Development and validation of bioelectrical impedance prediction equations estimating regional lean soft tissue mass in middle-aged adults

• Published in: European journal of clinical nutrition Vol. 77; no. 2; pp. 202 - 211
• Main Authors: Sardinha, Luís B., Rosa, Gil B., Hetherington-Rauth, Megan, Correia, Inês R., Magalhães, João P., Silva, Analiza M., Lukaski, Henry
• Format: Journal Article
• Language: English
• Published: London Nature Publishing Group UK 01.02.2023; Nature Publishing Group
• Subjects: 692/700/1421/2109; 692/700/2814; 9/10; Absorptiometry; Absorptiometry, Photon; Adult; Adults; Bioelectricity; Body Composition; Clinical Nutrition; Cross-Sectional Studies; Dual energy X-ray absorptiometry; Electric Impedance; Epidemiology; Humans; Impedance; Internal Medicine; Linear Models; Mathematical models; Medicine; Medicine & Public Health; Metabolic Diseases; Middle age; Middle Aged; Parameters; Prediction models; Public Health; Regional analysis; Regional development; Reproducibility of Results; Soft tissues
• ISSN: 0954-3007; 1476-5640; 1476-5640
• DOI: 10.1038/s41430-022-01224-0

Background/Objectives Bioelectrical impedance (BIA) whole-body and regional raw parameters have been used to develop prediction models to estimate whole-body lean soft tissue (LSTM), with less attention being given to the development of models for regional LSTM. Therefore, we aimed to develop and validate BIA-derived equations predicting regional LSTM against dual x-ray absorptiometry (DXA) in healthy adults.
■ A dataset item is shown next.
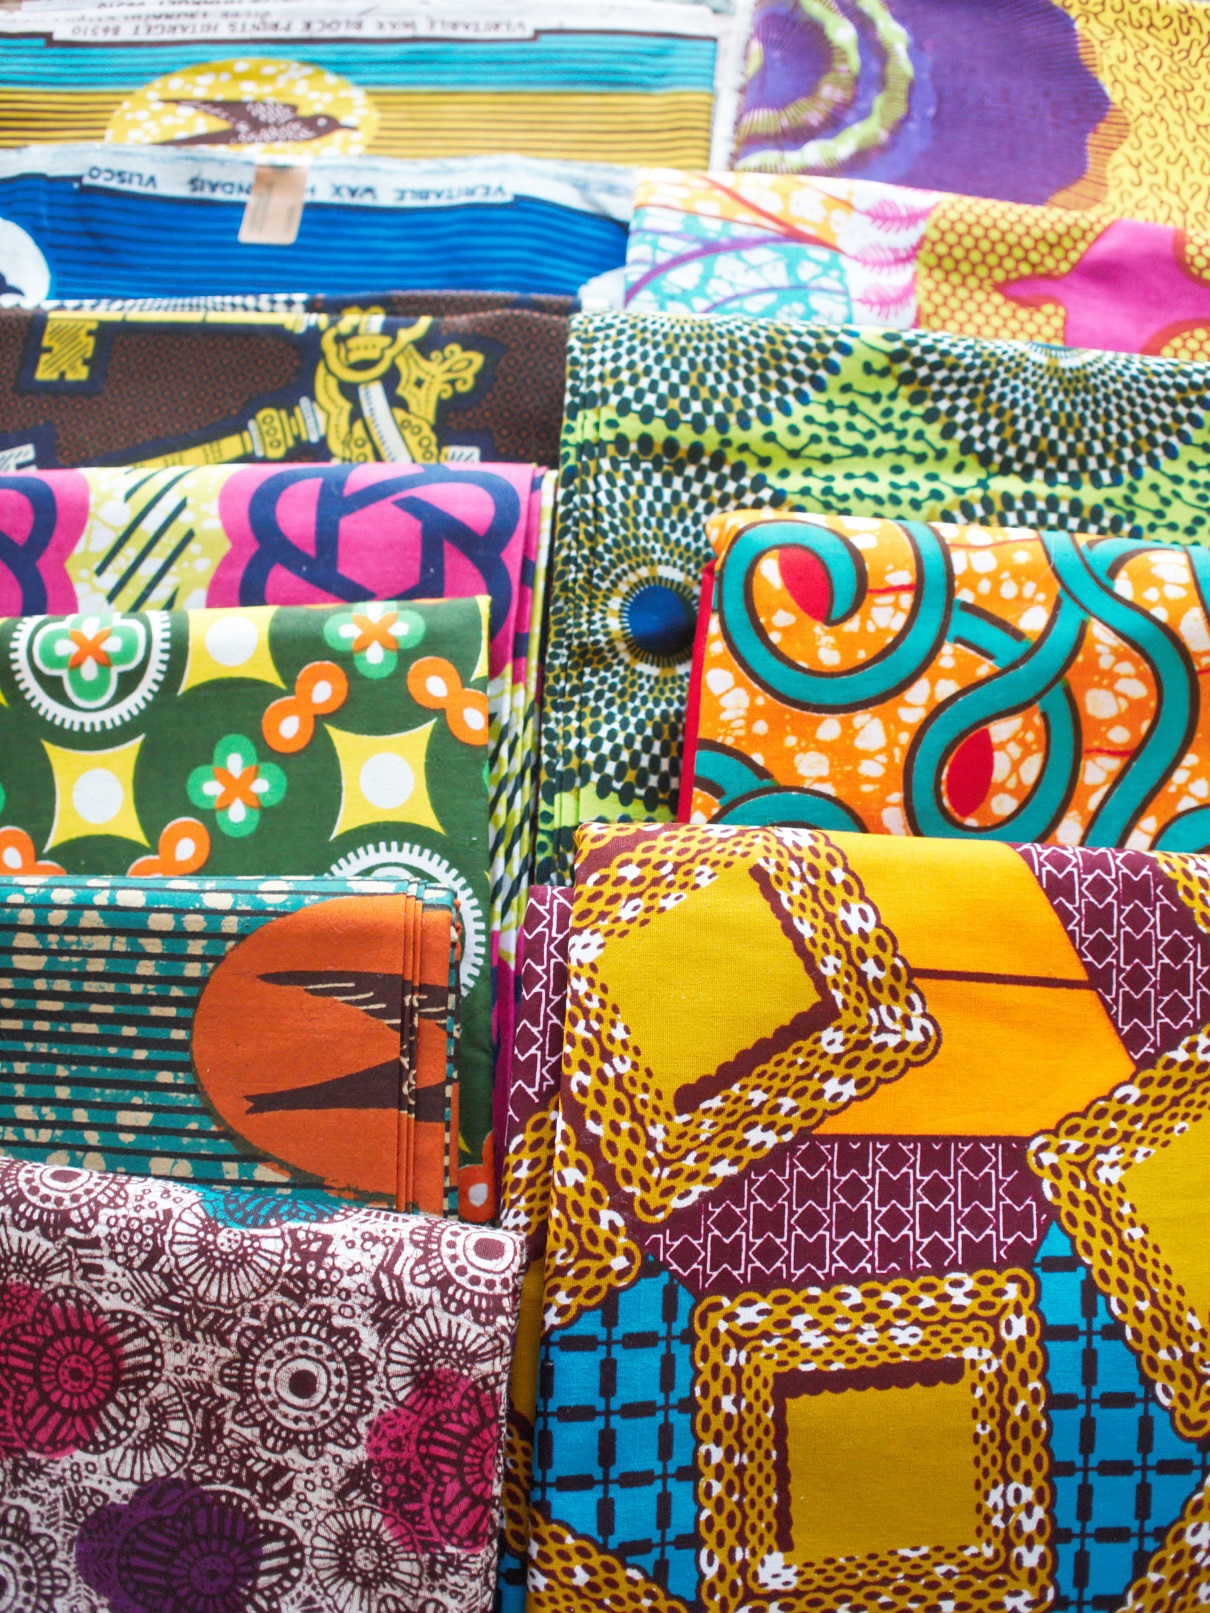 4/18wed-21sat『African textile 煌めく色との出会い2018-スカートオーダー会』

Subjects/Methods 149 adults were included in this cross-sectional investigation. Whole-body and regional LSTM were assessed by DXA, and raw bioelectrical parameters of distinct body regions were measured using a 50 kHz phase sensitive BIA analyzer. BIA-derived equations were developed using a stepwise multiple linear regression approach in 2/3 of the sample and cross-validated in the remaining sample. Results Slopes and intercepts of predicted LSTM and DXA measured LSTM did not differ from 1 and 0, respectively, for each region ( p  ≥ 0.05), with the exception for the trunk ( p  < 0.05). The BIA-derived equations exhibited a strong relationship ( p  < 0.001) between the predicted and measured LSTM for each of the following body regions: right and left arms (R = 0.94; R = 0.96), right and left legs (R = 0.88; R = 0.88), upper body (R = 0.96), lower body (R = 0.89), right and left sides of the body (R = 0.94; R = 0.94), and trunk (R = 0.90). Agreement analyses revealed no associations between the differences and the means of the predicted and DXA-derived LSTM. Conclusion The developed BIA-derived equations provide a valid estimate of regional LSTM in middle-aged healthy adults, representing a cost-effective and time-efficient alternative to DXA for the assessment and identification of LSTM imbalances in both clinical and sport-specific contexts.